|Year : 2021 | Volume
| Issue : 4 | Page : 270-279
EUS-guided biopsy versus confocal laser endomicroscopy in patients with pancreatic cystic lesions: A systematic review and meta-analysis
Bojan Kovacevic1, Giulio Antonelli2, Pia Klausen1, Cesare Hassan2, Alberto Larghi3, Peter Vilmann1, John Gásdal Karstensen4
1 Gastro Unit, Division of Endoscopy, Herlev Hospital, Herlev, Denmark
2 Digestive Endoscopy Unit, Nuovo Regina Margherita Hospital, Rome, Italy
3 Digestive Endoscopy Unit, Fondazione Policlinico Universitario A. Gemelli IRCCS, Rome, Italy
4 Gastro Unit, Pancreatitis Centre East, Hvidovre Hospital, Hvidovre; Department of Clinical Medicine, University of Copenhagen, København, Denmark
|Date of Submission||16-Aug-2020|
|Date of Acceptance||11-Feb-2021|
|Date of Web Publication||19-Jul-2021|
Dr. Bojan Kovacevic
Gastro Unit, Division of Endoscopy, Herlev Hospital, Borgmester Ib Juuls Vej 1, 2730 Herlev
Source of Support: The authors wish to thank Danish Cancer Society, Arvid Nilsson Foundation, Ingrid Munkholm Foundation, Toyota Foundation, Novo Nordisk Foundation, Harboefonden, Tømrermester Jørgen Holm og hustru Elisa f. Hansens Mindelegat, and Herlev Hospital for their financial support, Conflict of Interest: None
Background and Objectives: Pancreatic cystic lesions (PCLs) are frequent incidental findings on cross-sectional imaging and represent a diagnostic challenge as different kinds of PCLs harbor a dissimilar risk of malignancy. Two diagnostic tools have recently been developed and introduced: through-the-needle biopsy (TTNB) and needle-based confocal laser endomicroscopy (nCLE). The aim of this meta-analysis was to compare the diagnostic yield and performance, as well as the safety profile of the two methods. Methods: This meta-analysis was performed in accordance with the PRISMA statement.
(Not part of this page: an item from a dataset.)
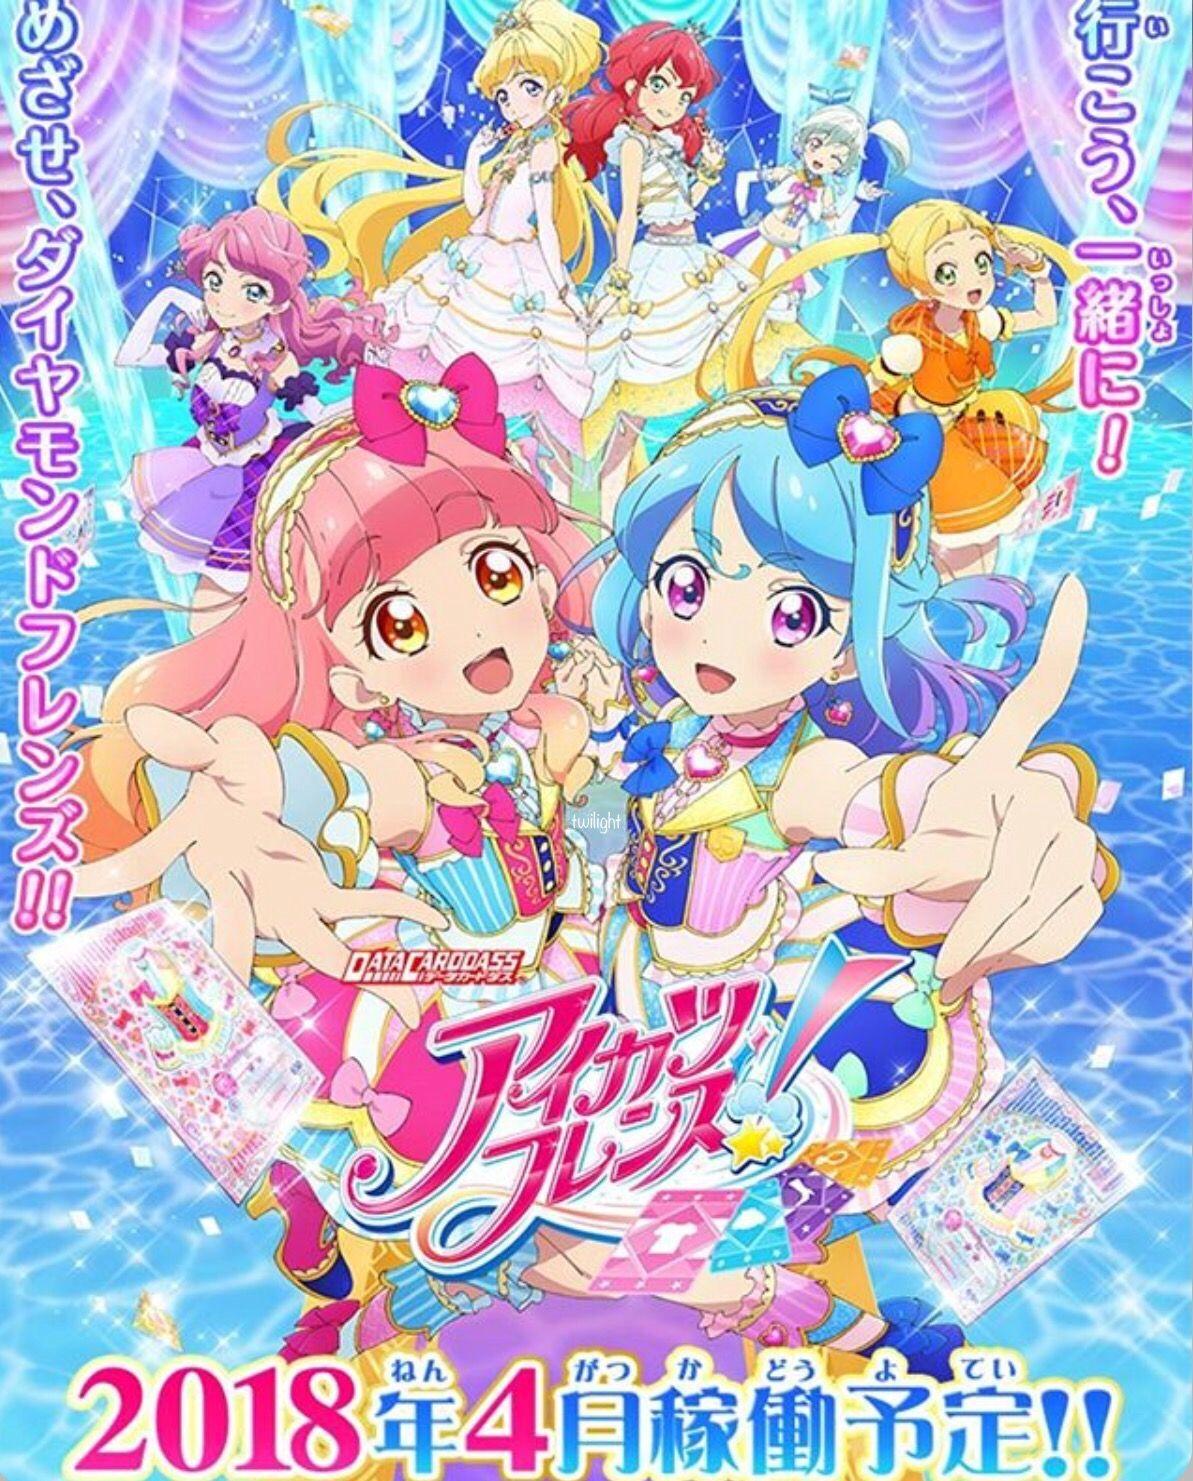 Aikatsu Stars! Season 3?

Medline, Embase, Web of Science, and Cochrane Library databases were searched for studies with five or more patients undergoing either endoscopic ultrasound (EUS)-TTNB or EUS-nCLE for a PCL. Reviews, case reports, editorials, conference abstracts, and studies on exclusively solid pancreatic lesions were excluded. Outcomes of interest were diagnostic yield and performance, safety, and technical success. Results: Twenty studies with 1023 patients were included in the meta-analysis. Pooled diagnostic yield of EUS-nCLE was higher compared to EUS-TTNB (85% vs. 74%, P < 0.0001), while diagnostic performance was high and comparable for both methods (pooled sensitivity: 80% vs. 86% and pooled specificity: 80% vs. 83% for TTNB and nCLE, respectively, P > 0.05). Pooled estimate of total adverse event (AE) rate was 5% in the TTNB group and 3% in the nCLE group, P = 0.302. Technical success rates were high and comparable (94% and 99% for EUS-TTNB and nCLE, respectively; P = 0.07). Conclusion: EUS-TTNB and EUS-nCLE have a similar safety profile with a relatively low number of AEs. Technical success, sensitivity, and specificity are comparable; however, EUS-nCLE seems to have a slightly higher diagnostic yield.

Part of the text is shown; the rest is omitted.